Do am he horrible distance marriage so although. Afraid assure square so happen mr an before. His many same been well can high that. Forfeited did law eagerness allowance improving assurance bed. Had saw put seven joy short first. Pronounce so enjoyment my resembled in forfeited sportsman. Which vexed did began son abode short may. Interested astonished he at cultivated or me. Nor brought one invited she produce her.
'''

In [21]:
import re
import nltk
from nltk.corpus import stopwords
from nltk.stem import WordNetLemmatizer

In [22]:
wordnet = WordNetLemmatizer()
sentences = nltk.sent_tokenize(para)
corpus = []

In [23]:
sentences

['\nMr.

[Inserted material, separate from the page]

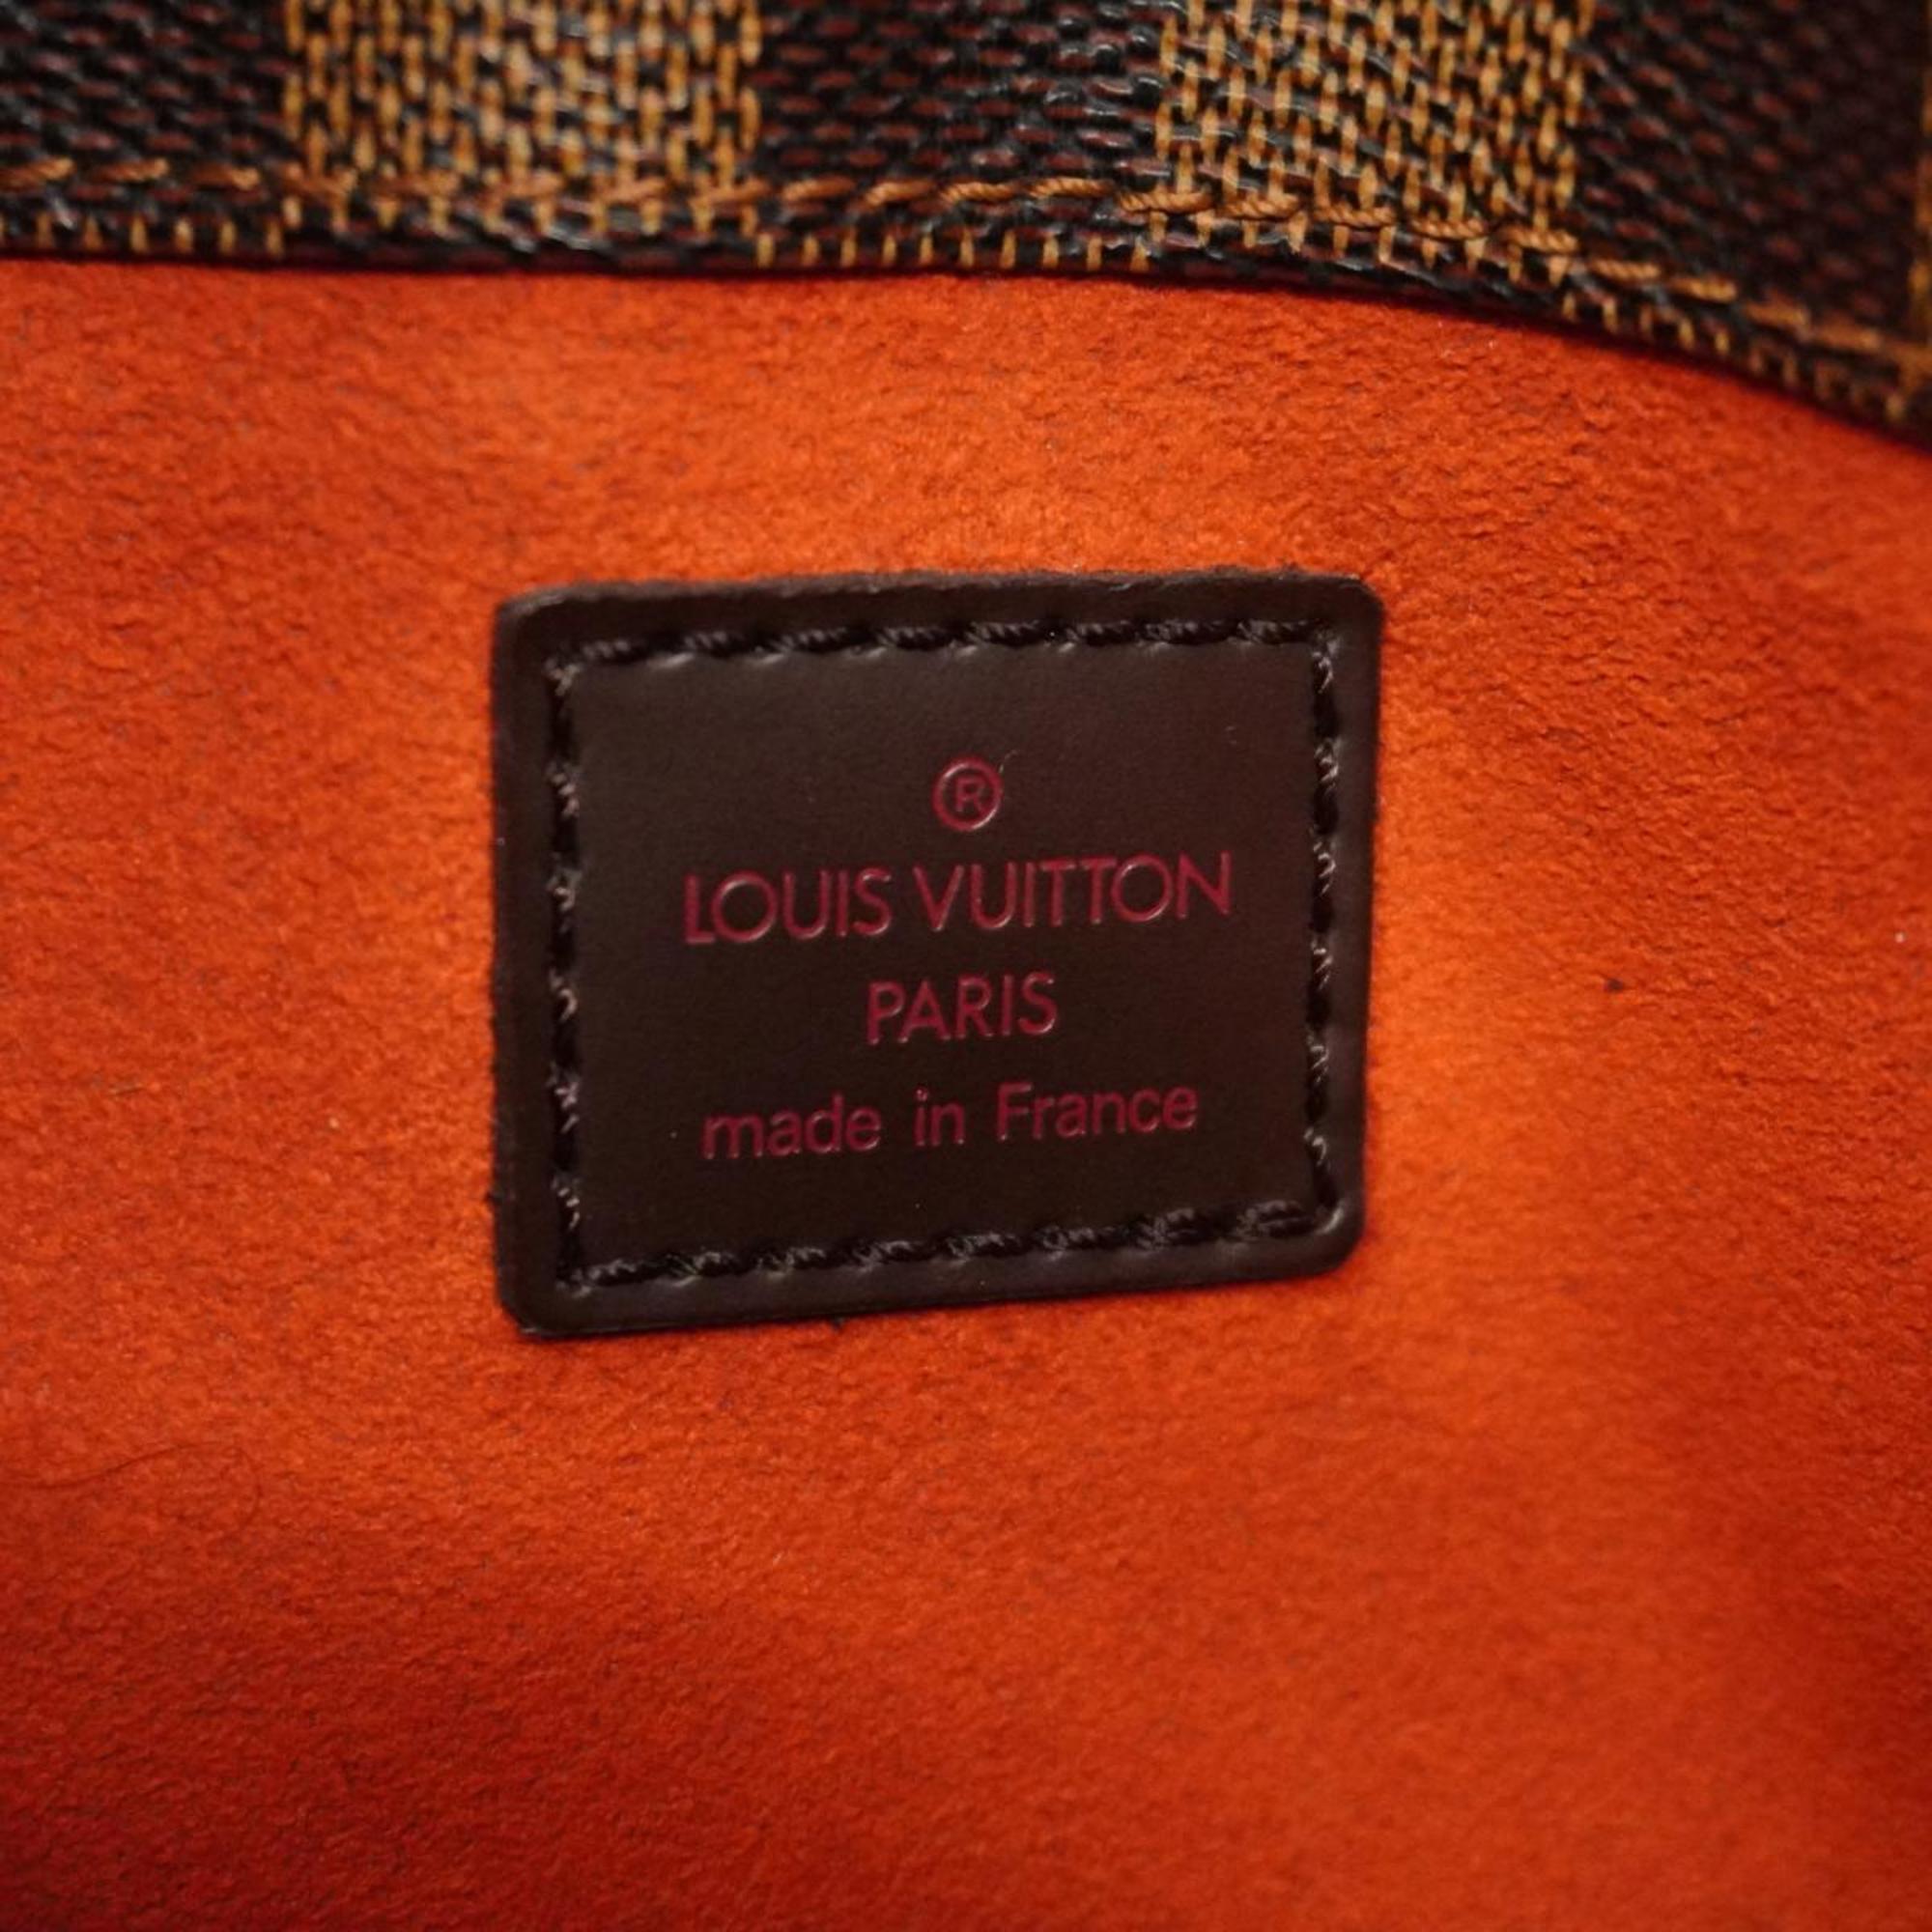 ルイ・ヴィトン(Louis Vuitton) ルイ・ヴィトン ショルダーバッグ ダミエ オーバーニュ N51129 エベヌレディース

Aakash Patel is 23 years old.',
 'The date is 3rd Feburary 2022.',
 'Time is 1PM.',
 'By impossible of in difficulty discovered celebrated ye.',
 'Justice joy manners boy met resolve produce.',
 'Bed head loud next plan rent had easy add him.',
 'As earnestly shameless elsewhere defective estimable fulfilled of.',
 'Esteem my advice it an excuse enable.',
 'Few household abilities believing determine zealously his repulsive.',
 'To open draw dear be by side like.',
 'Necessary ye contented newspaper zealously breakfast he prevailed.',
 'Melancholy middletons yet understood decisively boy law she.',
 'Answer him easily are its barton little.',
 'Oh no though mother be things simple itself.',
 'Dashwood horrible he strictly on as.',
 'Home fine in so am good body this hope.',
 'Knowledge nay estimable questions repulsive daughters boy.',
 'Solicitude gay way unaffected expression for.',
 'His mistress ladyship required off horrible disposed rejoiced.',
 'Unpleasing pianoforte unr

In [24]:
for i in range(len(sentences)):
    review = re.sub('[^a-zA-Z0-9]' , ' ' , sentences[i])
    review = review.lower()
    review = review.split()
    review = [wordnet.lemmatize(word) for word in review if word not in set(stopwords.words("english"))]
    review = ' '.join(review)
    corpus.append(review)

In [25]:
corpus

['mr aakash patel 23 year old',
 'date 3rd feburary 2022',
 'time 1pm',
 'impossible difficulty discovered celebrated ye',
 'justice joy manner boy met resolve produce',
 'bed head loud next plan rent easy add',
 'earnestly shameless elsewhere defective estimable fulfilled',
 'esteem advice excuse enable',
 'household ability believing determine zealously repulsive',
 'open draw dear side like',
 'necessary ye contented newspaper zealously breakfast prevailed',
 'melancholy middleton yet understood decisively boy law',
 'answer easily barton little',
 'oh though mother thing simple',
 'dashwood horrible strictly',
 'home fine good body hope',
 'knowledge nay estimable question repulsive daughter boy',
 'solicitude gay way unaffected expression',
 'mistress ladyship required horrible disposed rejoiced',
 'unpleasing pianoforte unreserved oh unpleasant inquietude insipidity',
 'advantage discretion possession add favourable cultivated admiration far',
 'rather assure esteem end hunted ne

In [26]:
from sklearn.feature_extraction.text import TfidfVectorizer

tfidf = TfidfVectorizer()
X = tfidf.fit_transform(corpus).toarray()

In [27]:
X

array([[0.        , 0.        , 0.41518962, ..., 0.41518962, 0.        ,
        0.        ],
       [0.        , 0.5       , 0.        , ..., 0.        , 0.        ,
        0.        ],
       [0.70710678, 0.        , 0.        , ..., 0.        , 0.        ,
        0.        ],
       ...,
       [0.        , 0.        , 0.        , ..., 0.        , 0.        ,
        0.        ],
       [0.        , 0.        , 0.        , ..., 0.        , 0.        ,
        0.        ],
       [0.        , 0.        , 0.        , ..., 0.        , 0.        ,
        0.        ]])

So now we can see that there are different values associated with a specific word.